AI‑driven maritime surveillance: Moving‑target routing optimization

Monitoring vessels across vast maritime areas presents a unique challenge for authorities. While data systems are powerful, they often fall short when trying to track non-characterized vessels in real-time. That is why aerial reconnaissance has become essential, yet deploying these assets efficiently is far from simple. In the DIGEST project, we tackled the specific difficulty of coordinating manned and unmanned aircraft to monitor moving targets, all while working within strict flight endurance limits. Our goal was to move beyond static planning and create a system that truly understands the dynamic nature of the sea.
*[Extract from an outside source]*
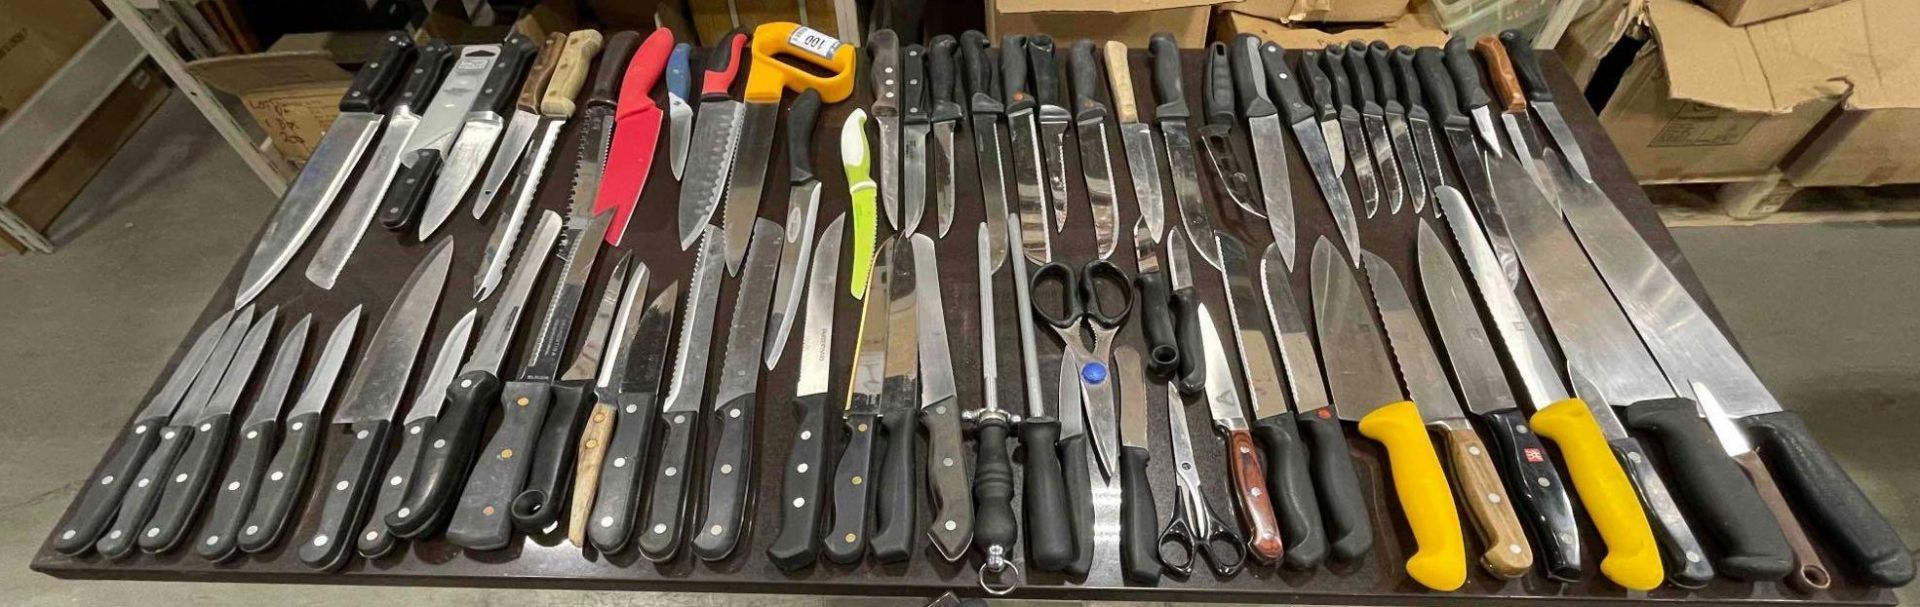 120 ASSORTED BUTCHER, BREAD, PARING, STEAK AND UTILITY KNIVES INCLUDING: - Image 4 of 4
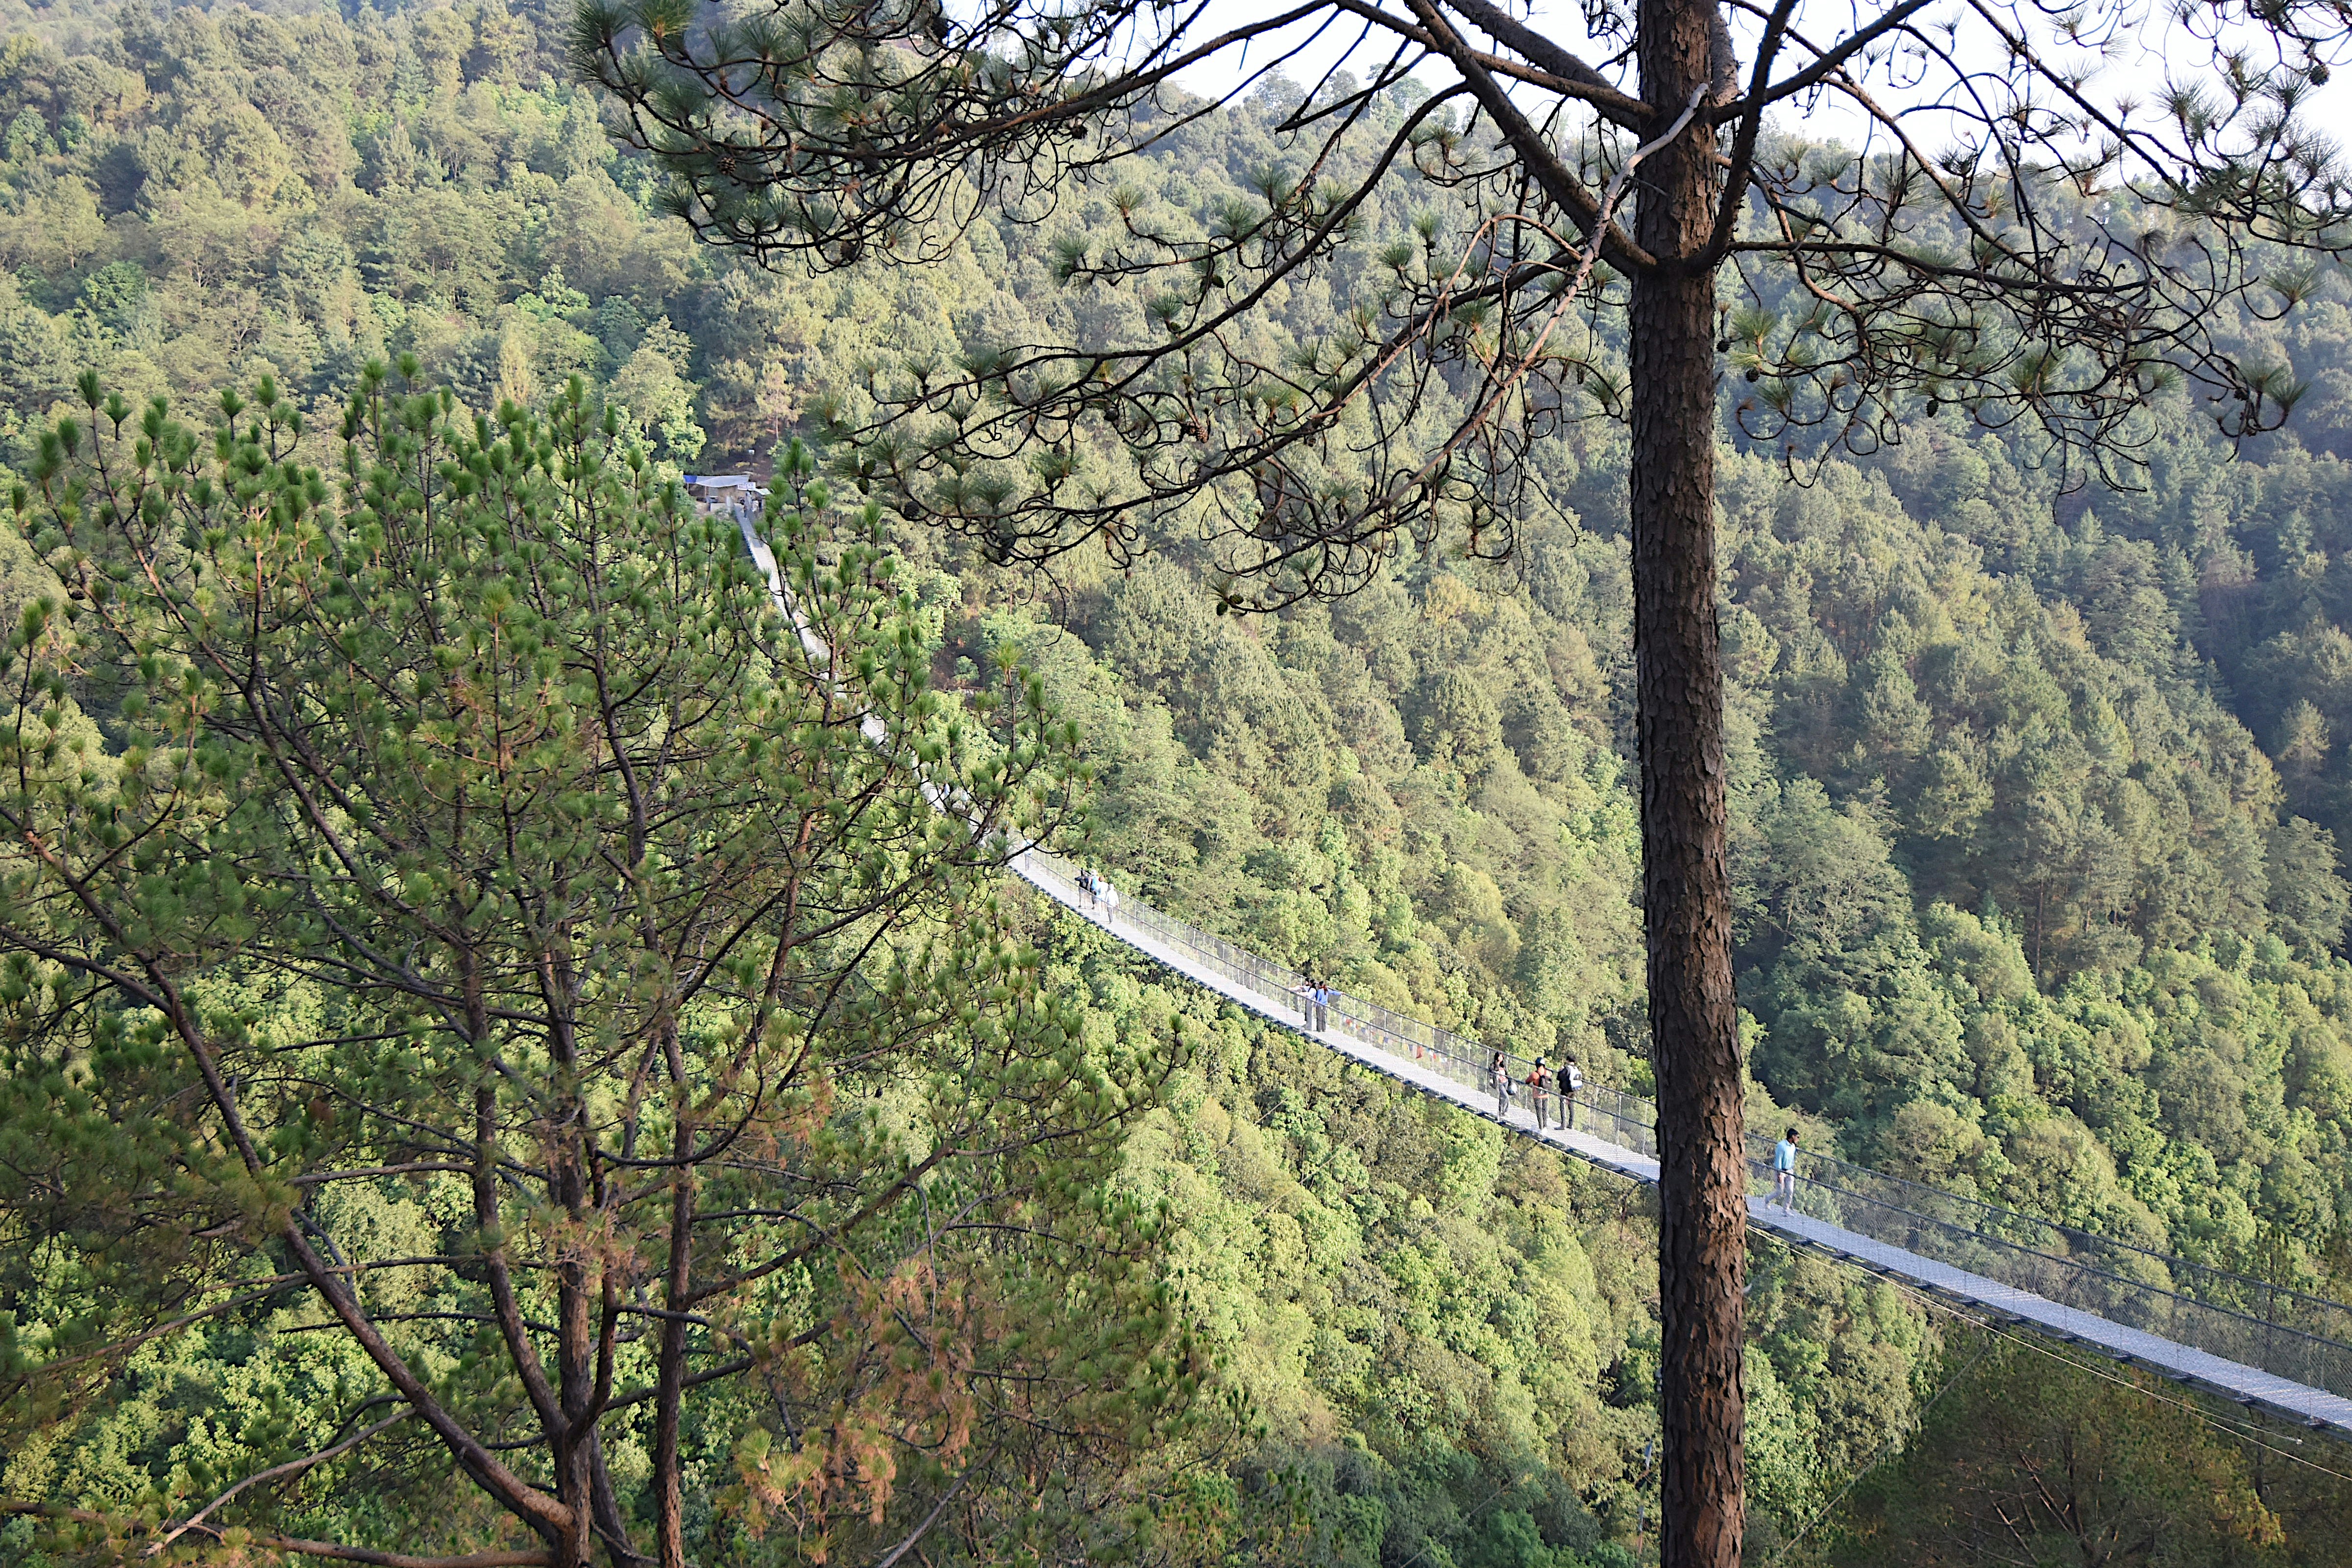 A long suspension bridge at a high level crossing above a forest

To solve this, we introduced a new mathematical framework called the Team Orienteering Problem with Moving Targets (TOP-MV). Unlike traditional routing problems where destinations are fixed, our model accounts for vessels that are constantly changing position. By breaking time down into manageable windows, we converted this puzzle into a solvable optimization problem. This approach allows us to plan routes for a mixed fleet of drones and manned aircraft simultaneously, ensuring that every asset is used where it can provide the most value without running out of fuel.

Of course, no model is perfect. Our current approach assumes we know the vessel paths at the start of the mission and plans a single flight per asset. While this works well for standard reconnaissance missions where aircraft can refuel between sorties, future versions of our work will aim to handle more dynamic situations, such as sudden changes in vessel direction or the need for multiple flights in a single day. We also recognize that scaling up to massive fleets will require new computational strategies to keep things running smoothly.

Despite these areas for growth, our results confirm that this approach offers a solid foundation for smarter maritime surveillance. It proves that we can significantly improve how we allocate resources and cover large areas without needing minute-by-minute precision. By establishing this new baseline for routing moving targets, we hope to pave the way for decision-support systems that make coastal security and environmental monitoring more effective and responsive.

We are excited to see how this research evolves and how it can be integrated into real-world operations. The full details of our methodology and findings are now published in Computers & Industrial Engineering, where we invite fellow researchers and industry professionals to explore the potential of AI-driven fleet coordination.